Today I want to write a bit about a theoretical approach to file, formats, packets, data and memory. This is the second time, I start writing this post, since the thing i’m trying to present is still evolving in my head.

This post will be about data. Not any specific data, just data in general. What I mean by data is nothing else than information, or more theoretically entropy, chaos. It’s numbers, texts, statistics, programs, music, video, webpages, and much more.

One single piece of data is pretty boring. The number 2374552 for example, is a piece of data, but there is not much you can do with that on its own. Data becomes interesting when you have multiple related pieces of information.

Data-Types

This is where we need to introduce the term data-type: A data-type describes what kind of information you are dealing with. There are some “prime” data-types you can find in most programming languages, for example an integer-data-type or a boolean-data-type.

Now in addition to these prime data-types, we have constructed data-types. These data-types can be described as data-structures, and consist of different members, each for a specific purpose. One example would be a date. It is composed of three numbers for the year, the month and the day.

In C++ and other programming languages, we know them as structs or classes, although classes are a principle of object-oriented programming and used with different intensions, even though they are technically the same.

Data-Collections

There is a third kind of data-type: The data-collection, which may sound very simple, but is actually responsable for a ton of difficulties in programming, caused by its requirements and implications. There are two aspects which define what kind of data-collection we deal with. The first is the way the collection is accessed, and the second is the data-types it accepts as its items.

Collections have a fixed or variable size. I can not think of a sensible application of fixed-size collection-types, which do not use a numeric index. Variable size collections are different.

It is perfectly fine to have a variable size collection where only one element can be read at any time. An example would be a stack (FILO) or queue (FIFO). There is also the possibility of linked or double-linked lists, which do not have indices.

The next step up would be numerically-indexed variable-sized collections, such as a vector (basically a stack where every item can be accessed), binary trees, and whatever you can come up with to use a number as an identifier. These make inserting more difficult, since you might be forced to updated many indices when inserting an item in the middle. There is also a difference between continuously-indexed collections (e.g. c++ arrays) and collections that allow gaps in their indexing.

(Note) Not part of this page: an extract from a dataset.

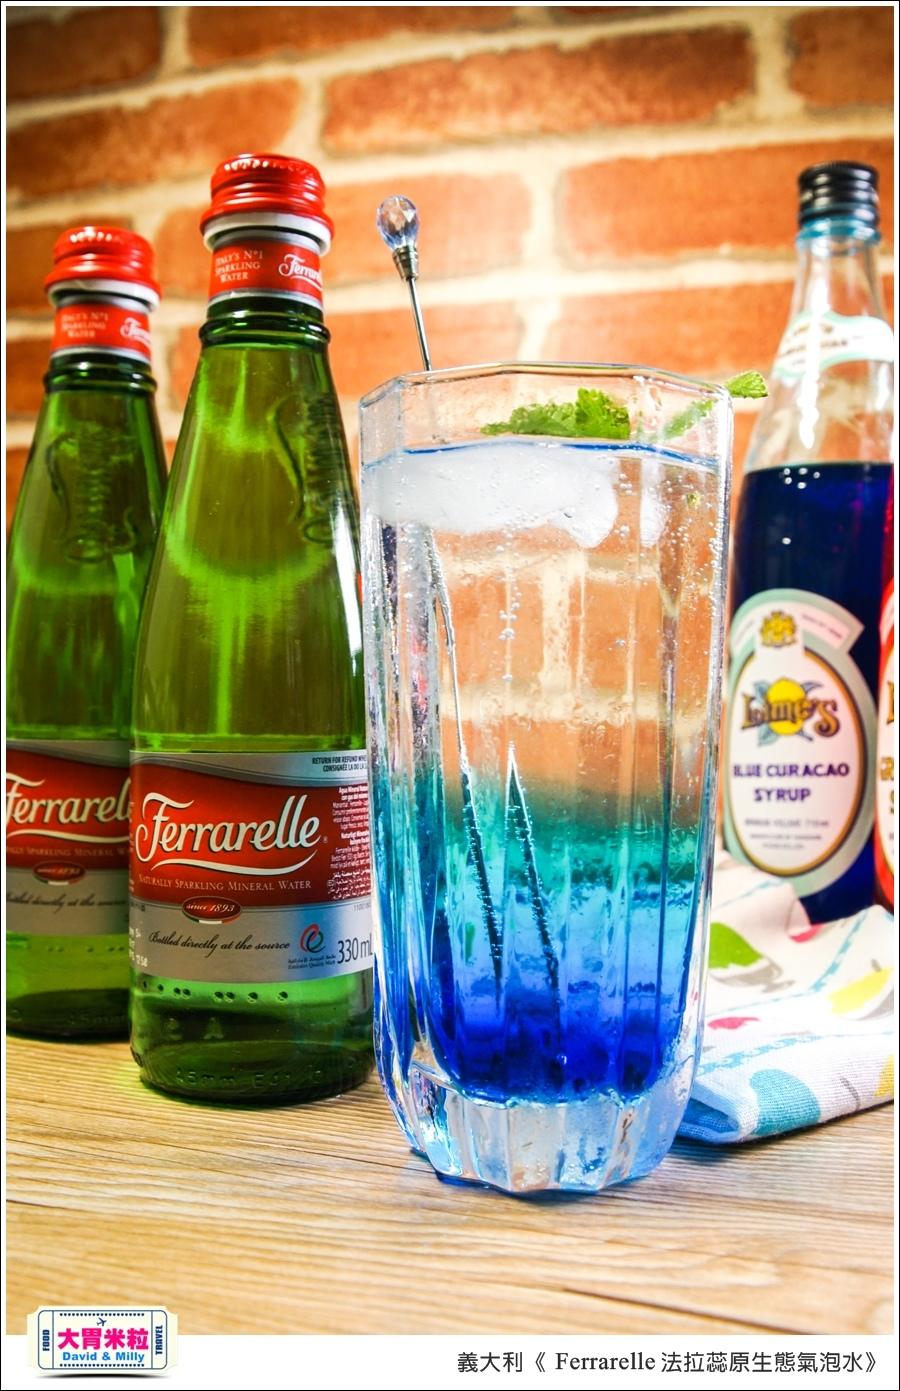 氣泡水品牌推薦@義大利Ferrarelle法拉蕊原生態氣泡水@大胃米粒0015.jpg

Next, we have non-numerically-indexed variable-sized collections, where for example a string is used as a key to identify the object. This may be optimised using hashing functions and advanced search mechanics, but it makes the whole process more difficult.

Describing the types of items a collection accepts is pretty simple. The way to define that programatically may be different depending on the system you use. Generally, a collection will accept a specific data-type, and every data-type that inherits from it. In more complicated cases like DTD, it might accept more than one data type.

Now it is also possible, that a data-collection is a data-structure too. This is called for when a structure has one primary set of items, and some other members attributes. In cases where there is more than one collection of items in a structure, that is most likely a data-structure owning multiple data-collections.

A HTML container is one example of a data-type that has both items and members (attributes). The html element itself has a head and a body member which are collections, leaving the html element itself as a plain data-structure.

Ownership

When we define data-types following the rules above, and then create a value of one data-type, we have (in most cases) a tree of nested values, where each leaf is a prime data-type. In this case, every node is the owner of its children. But in some cases, this might be less than ideal, creating data-redundancy, which makes the data hard to manipulate, and otherwise work with.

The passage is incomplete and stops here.